While code interpreter brings great power and flexibility, it currently has limitations.

  • Internet Access: Code interpreter does not have access to the internet, which means it can’t directly fetch data from the web or interact with online APIs.
  • File Size: The maximum file size that can be uploaded is 250 MB. To work around this, you can compress your data into a zip file to lower its size. Remember, however, that the uncompressed data still needs to fit within the available memory.
  • Language Support: Currently, code interpreter only supports Python code.
  • Python Packages: Installation of external Python packages is not permitted. However, the coding environment comes pre-installed with over 330 packages. This includes but is not limited to, numpy for numerical computations, pandas for data manipulation and analysis, matplotlib for data visualization, and OpenCV for computer vision tasks.
  • Environment Persistence: If the environment dies, the entire state is lost. Any generated files also become inaccessible as their download links stop working.
  • Knowledge Cut-off: The underlying model, GPT-4, has a “knowledge cut-off”  —  unaware of events that occurred after its training data was collected.

Data Analysis with Code Interpreter

Code interpreter is a game-changer for data analysis. You can interactively perform complex data transformations, statistical analysis, and visualizations. The best part? All this is done conversationally, making the process intuitive, engaging, and approachable for non-technical users.

Visualizations created by Ethan Mollick — ChatGPT Code Interpreter user who doesn’t know Python.

Using Code Interpreter for Computer Vision

Now, let’s delve into how we can harness the power of code interpreter for computer vision tasks. Interestingly, while code interpreter comes pre-installed with powerful libraries such as TensorFlow and PyTorch, ChatGPT will insist that using deep learning models is not possible.

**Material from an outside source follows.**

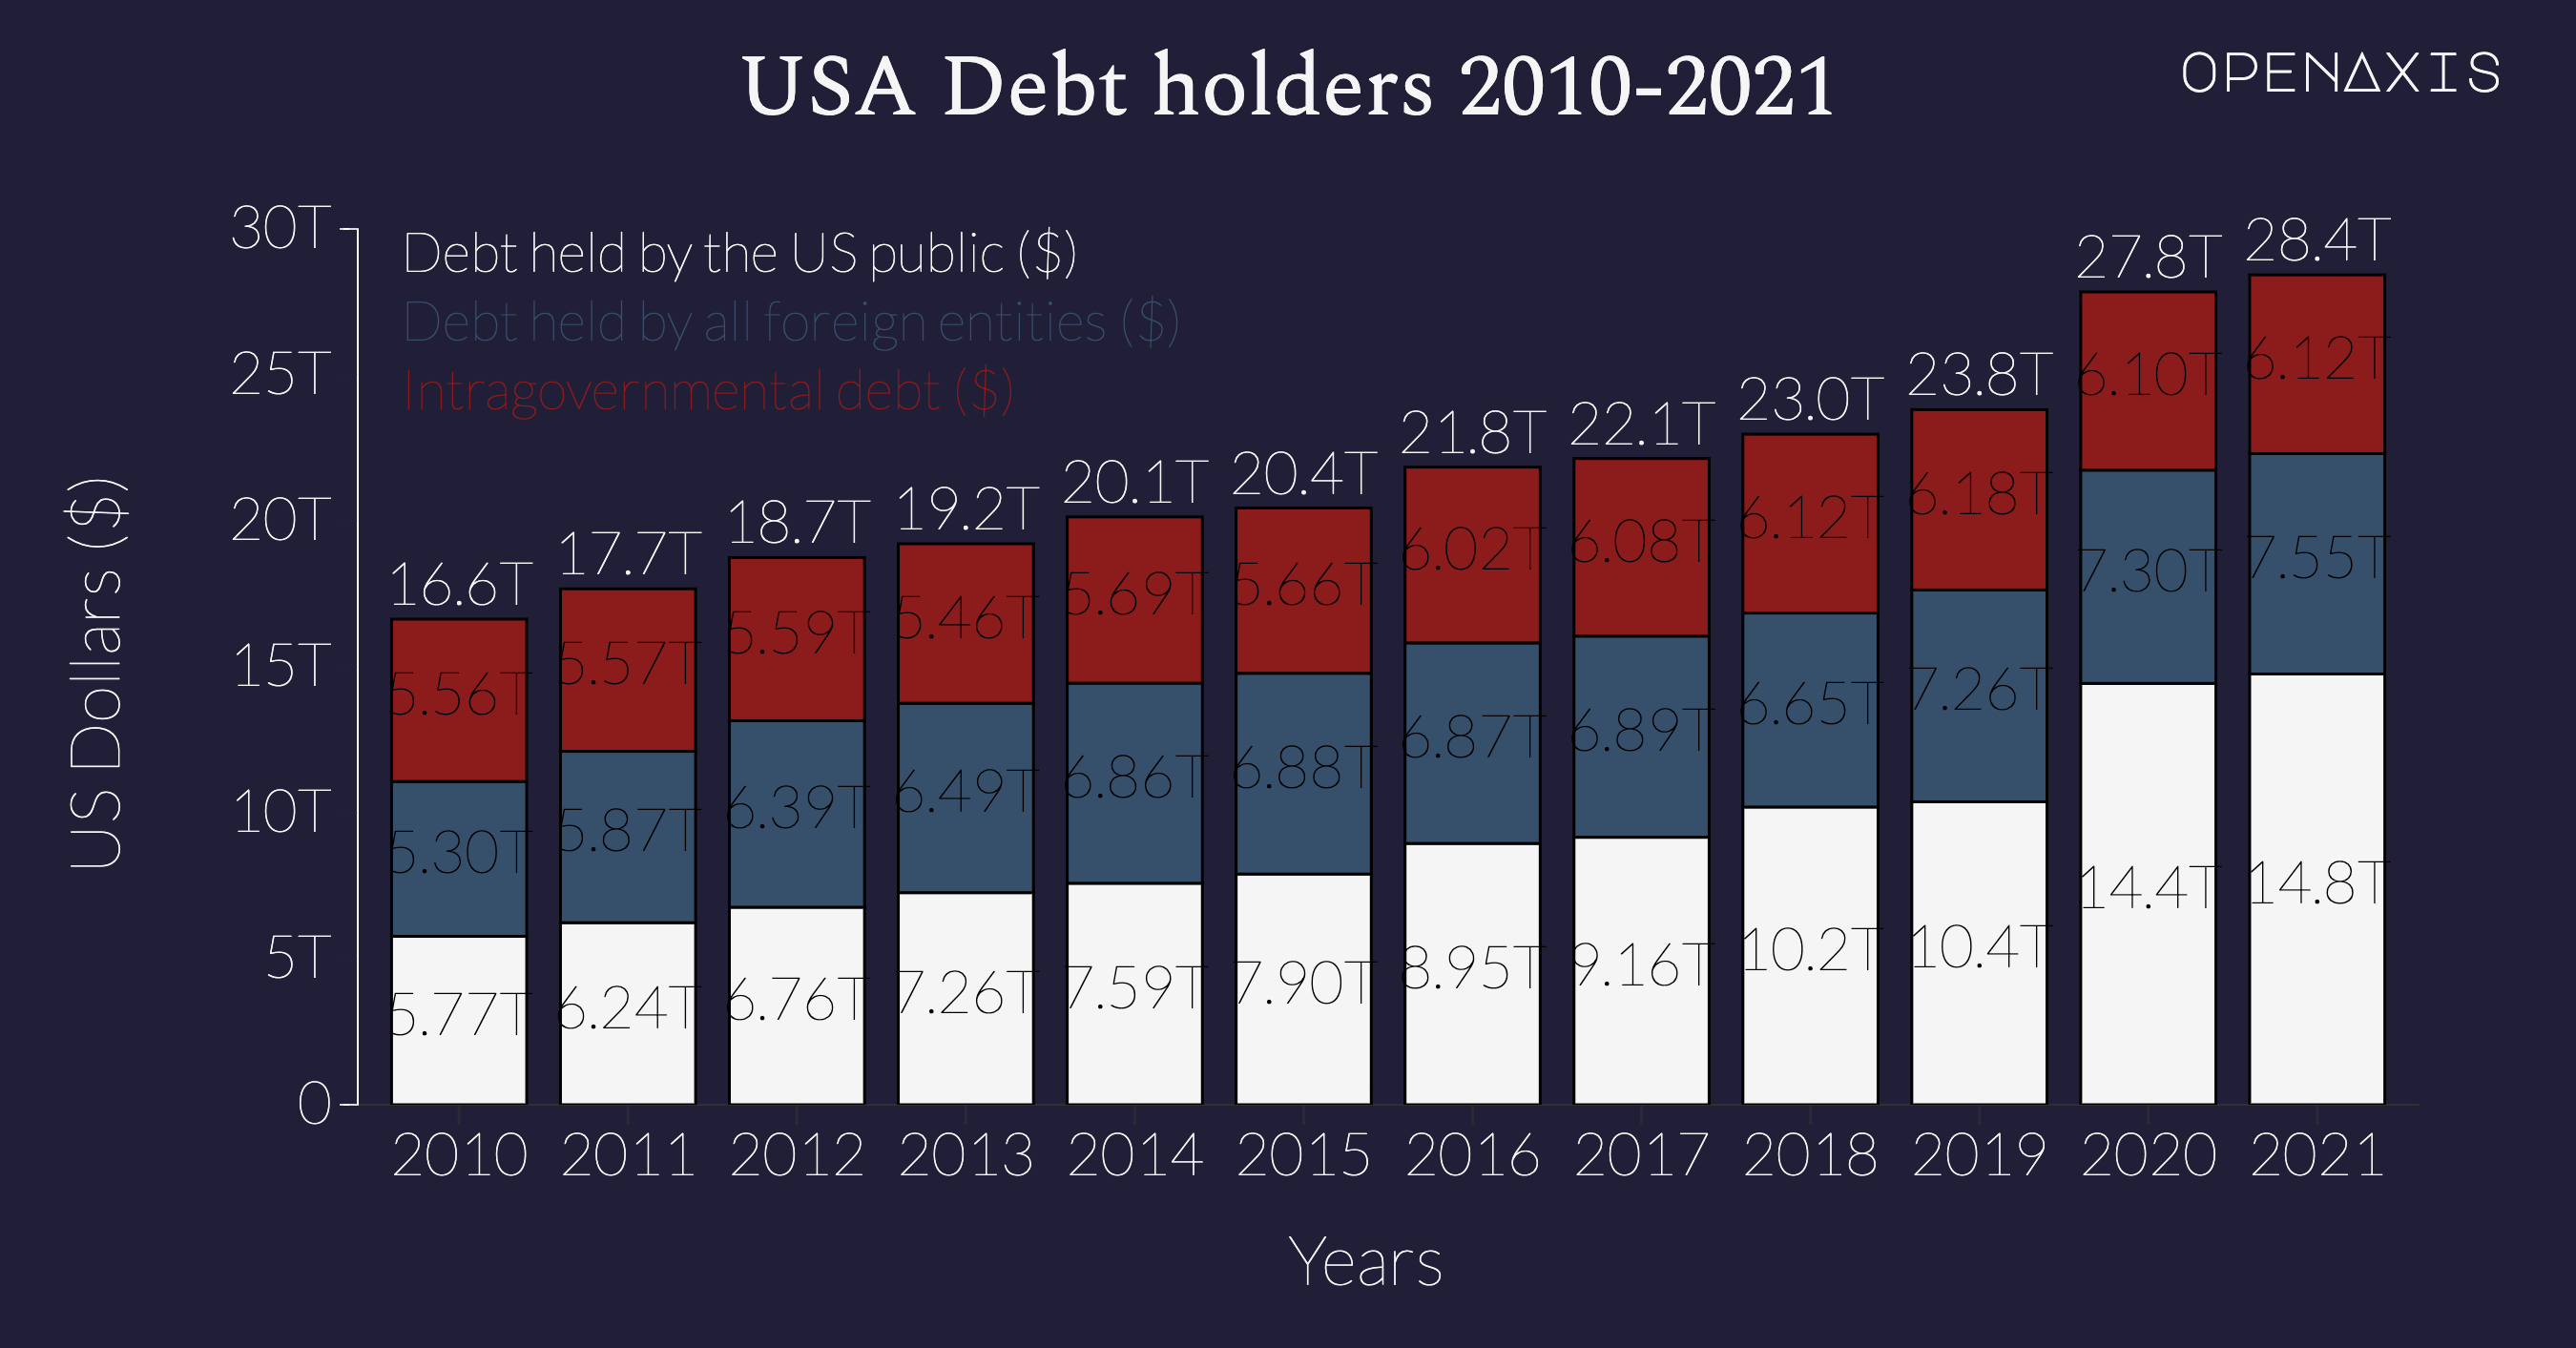 "USA Debt holders 2010-2021"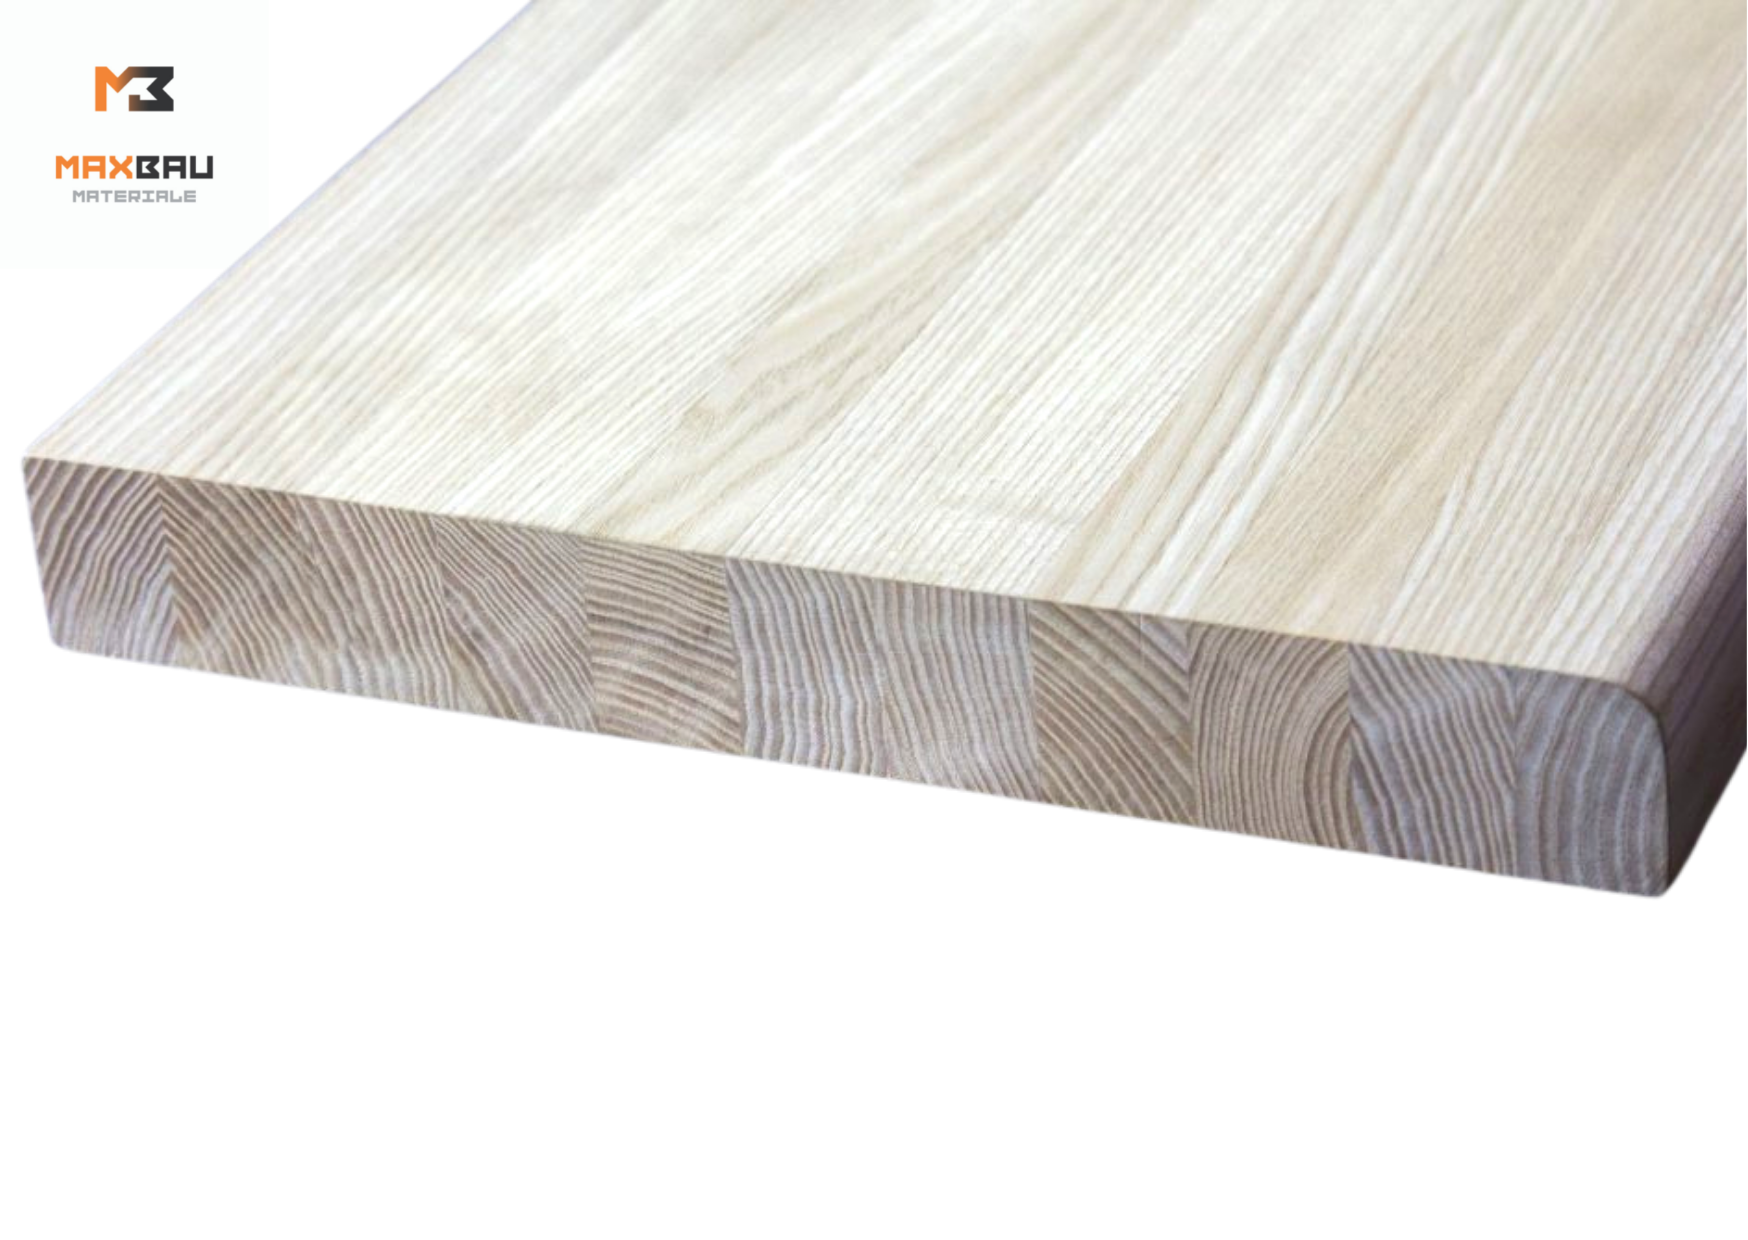 Placi din lemn incleiat - Placa de lemn incleiat MaxBau 800 x 300 x 28 mm Clasa AB, https:maxbau.ro

We decided to get more creative and solve computer vision problems leveraging old-school libraries like OpenCV and Tesseract. Remarkably, this entire process was conducted using human language  —  we didn’t manually write a single line of code. The results were quite promising. It makes one imagine a future where AI-assisted development could revolutionize the field of computer vision. With tools like code interpreter, this future doesn’t seem far off.

Face Detection with Code Interpreter

Face detection is a fundamental task in computer vision. We decided to tackle this using a classic method available through OpenCV :  the Haar Cascade classifier. Haar Cascade, while being a powerful tool for face detection, has limitations. It is not as robust or accurate as modern neural network-based methods and often results in false positives.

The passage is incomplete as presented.